→ **YOUR INSTRUCTIONS**: Output only the lines below from the one holding "Német katonák és" down to the one holding "Cristina Pallarols Short", both end lines included and every picture dropped.

→ **MATERIAL PROVIDED**:
::::
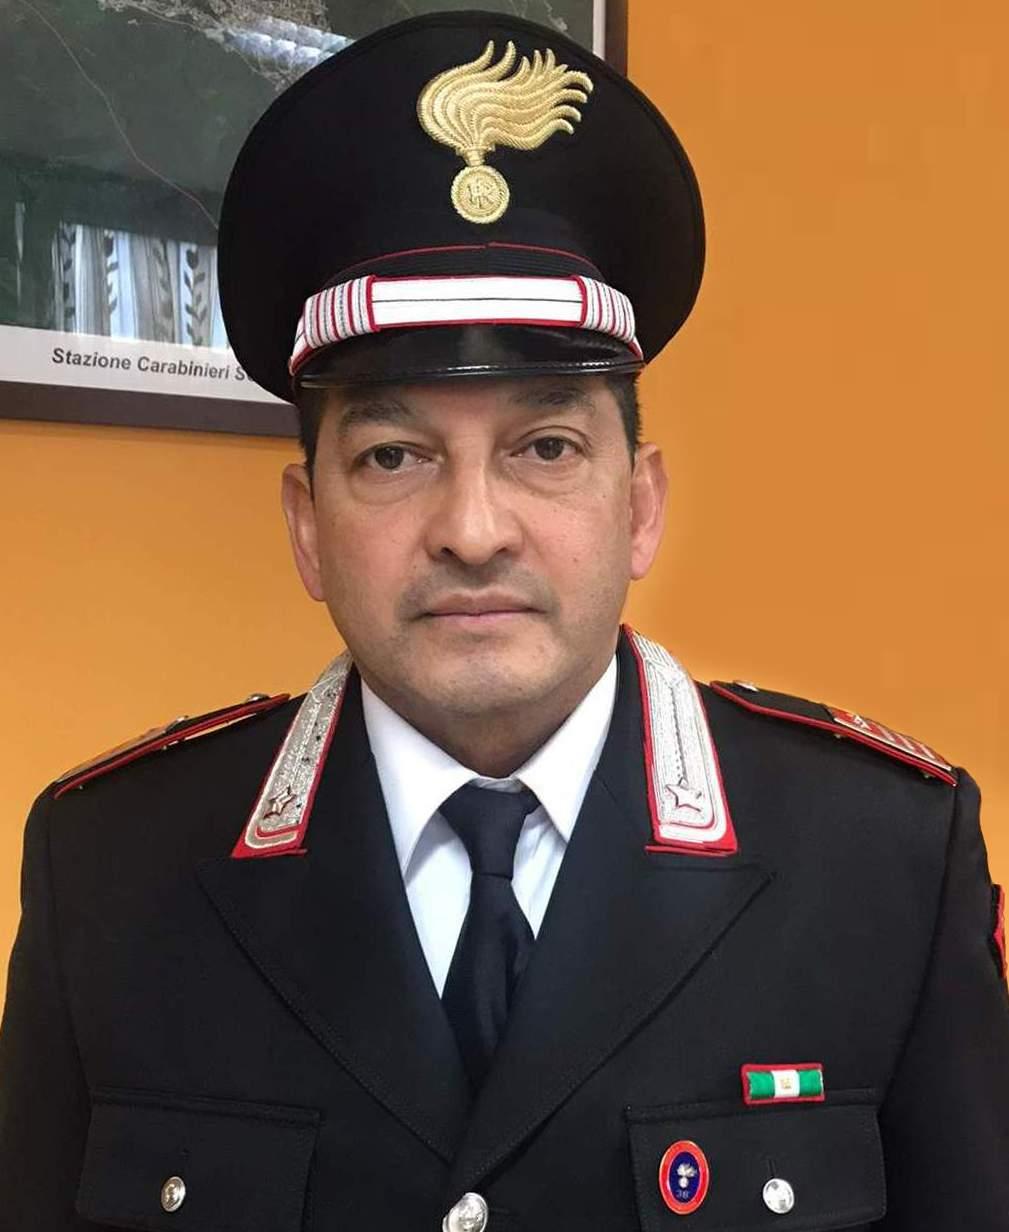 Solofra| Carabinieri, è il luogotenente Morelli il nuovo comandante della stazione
::::
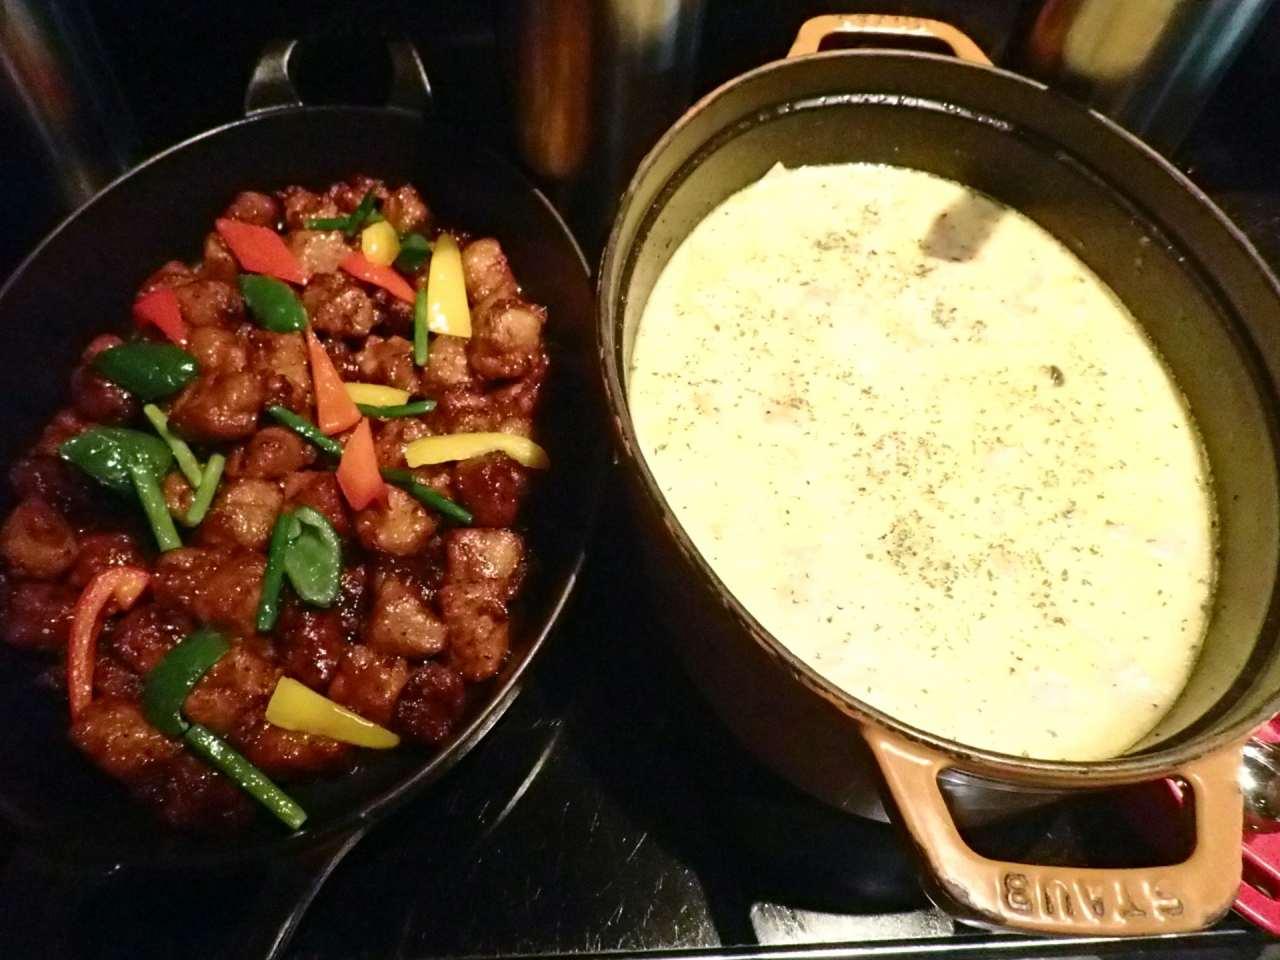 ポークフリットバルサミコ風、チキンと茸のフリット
::::
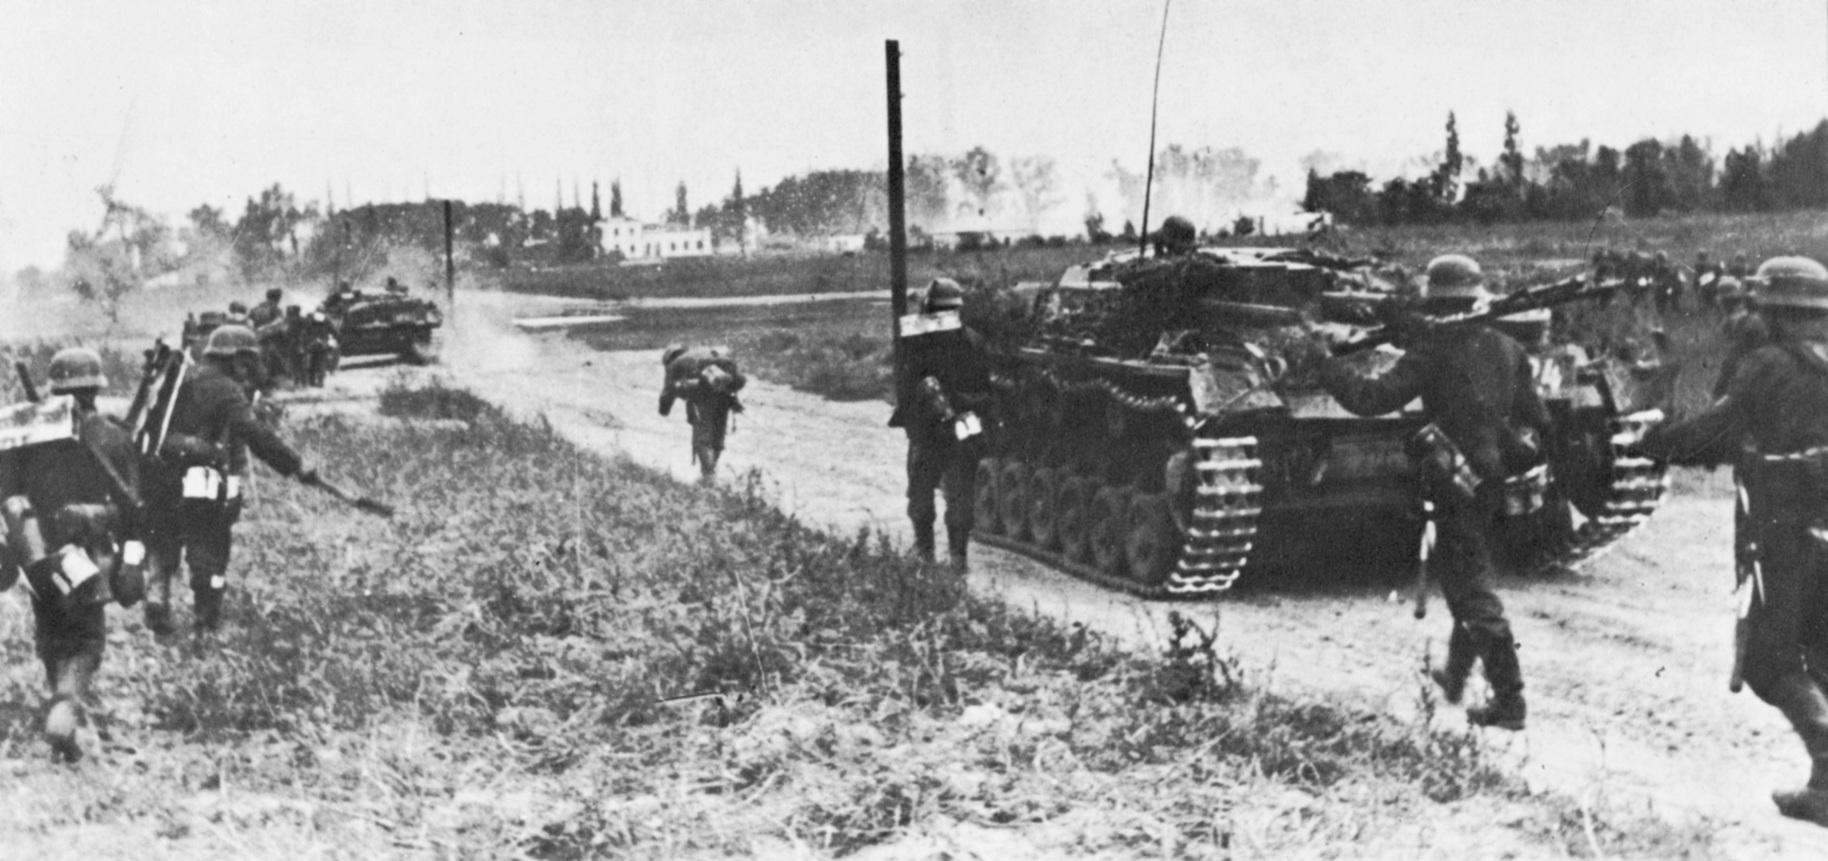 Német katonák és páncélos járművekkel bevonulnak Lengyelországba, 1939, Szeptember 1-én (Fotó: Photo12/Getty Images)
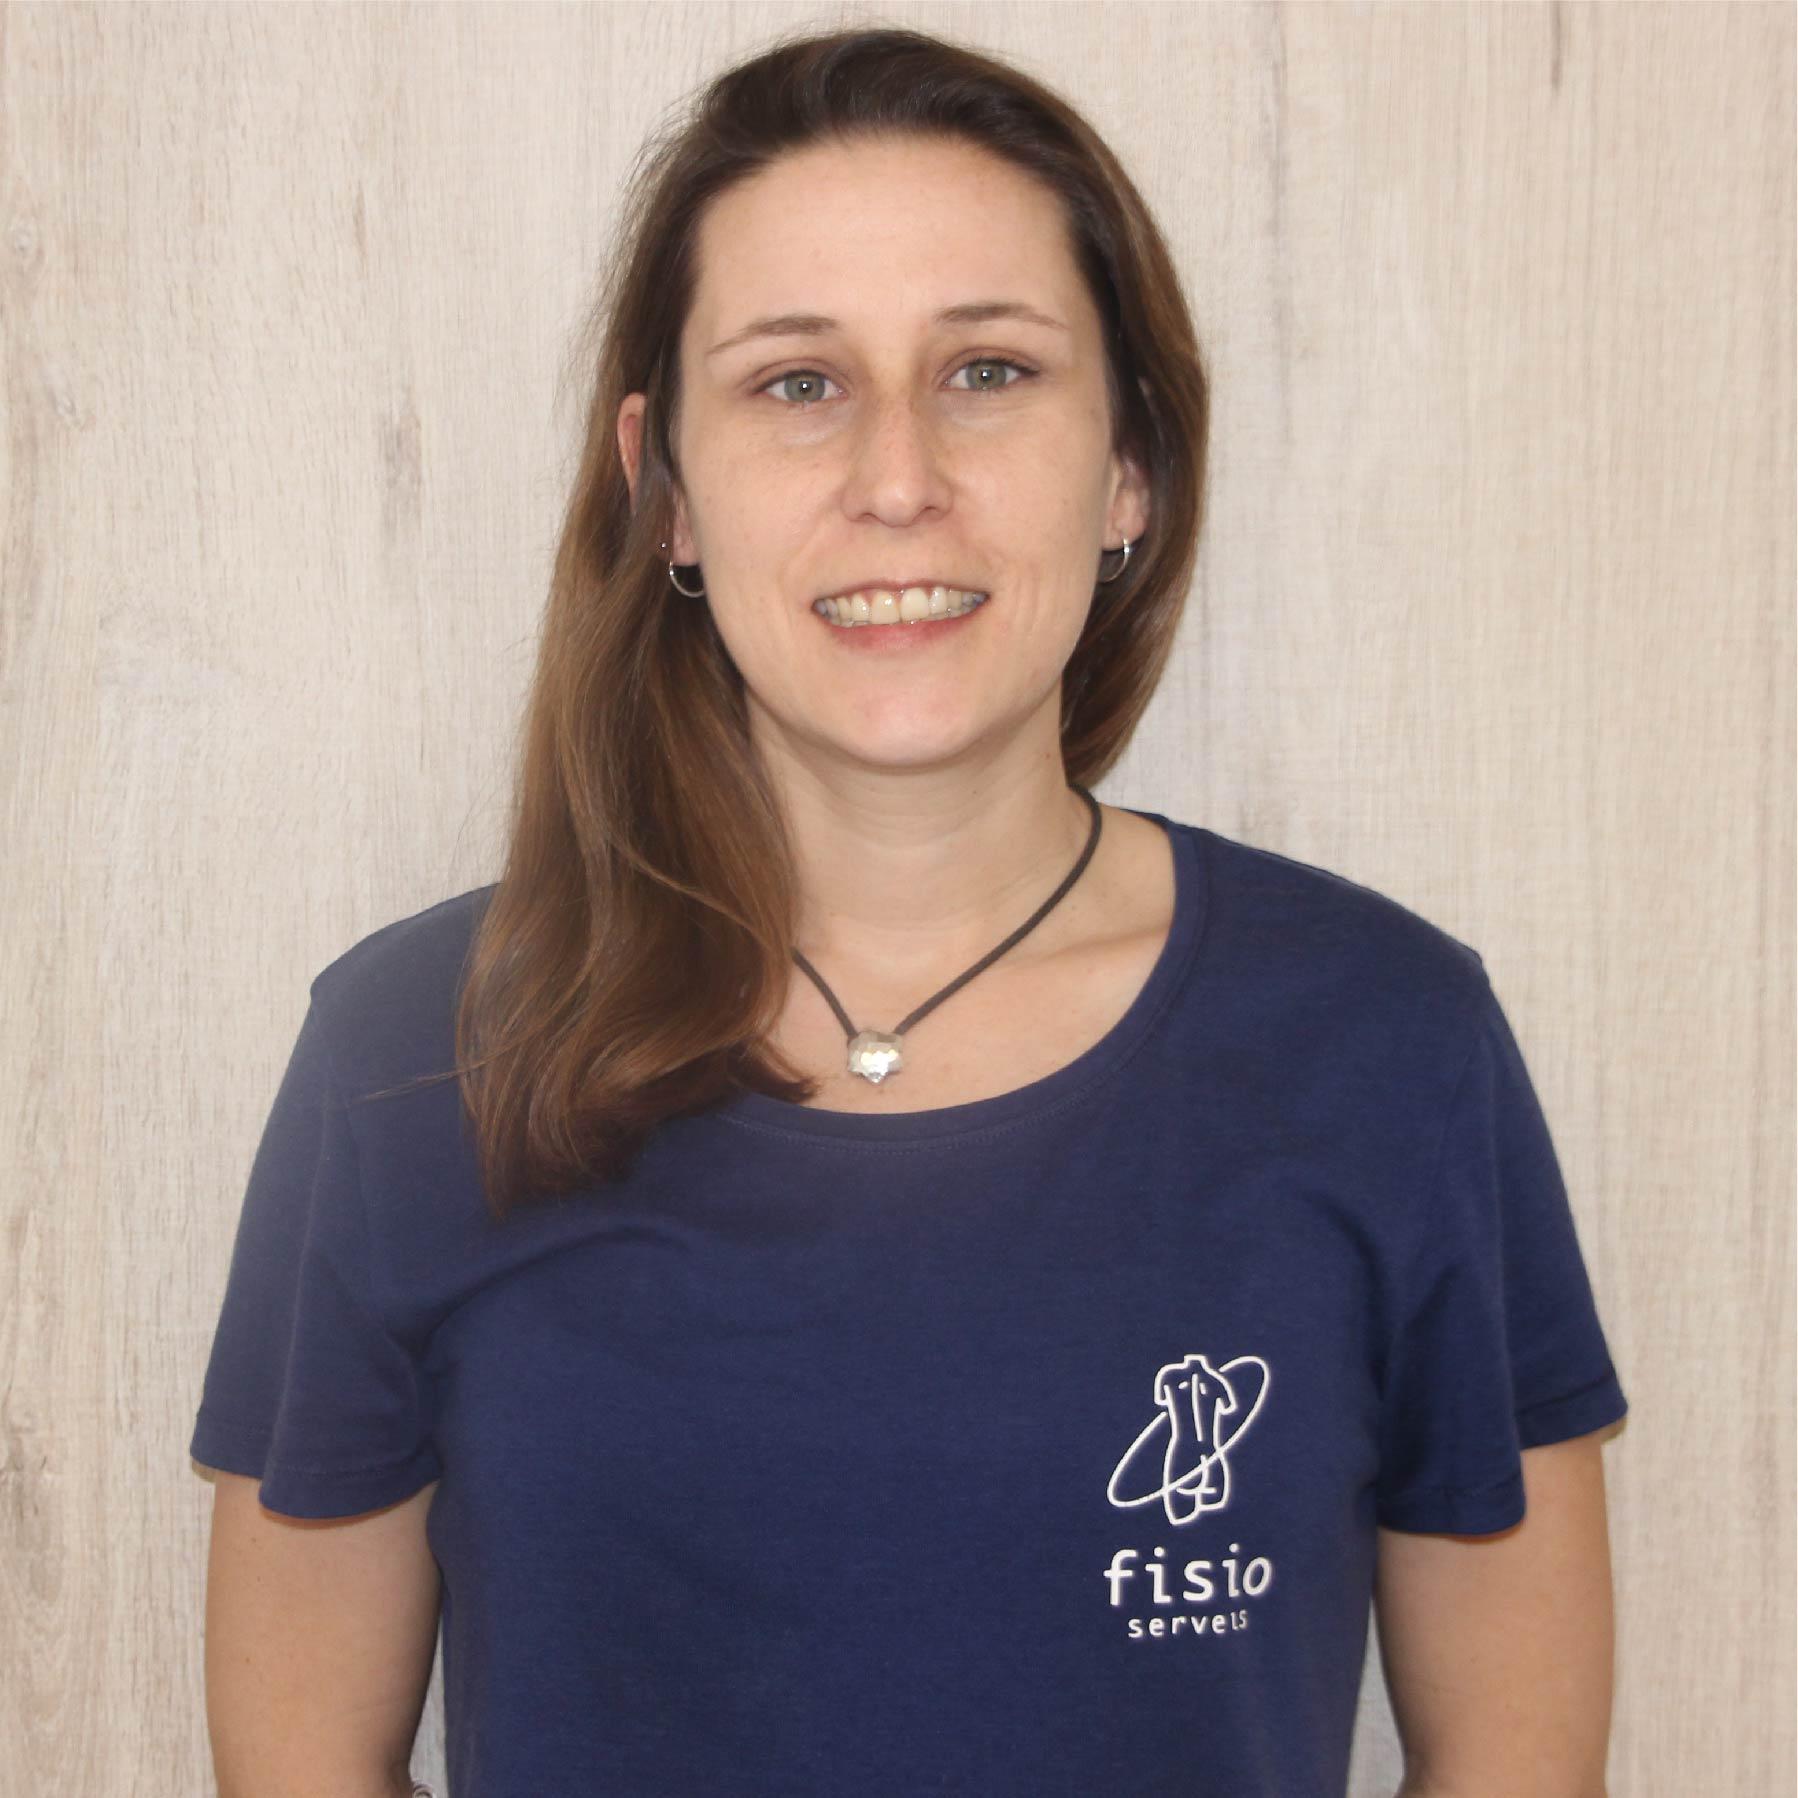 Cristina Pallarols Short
::::
→ **WRITTEN SOLUTION**:
 Német katonák és páncélos járművekkel bevonulnak Lengyelországba, 1939, Szeptember 1-én (Fotó: Photo12/Getty Images)
 Cristina Pallarols Short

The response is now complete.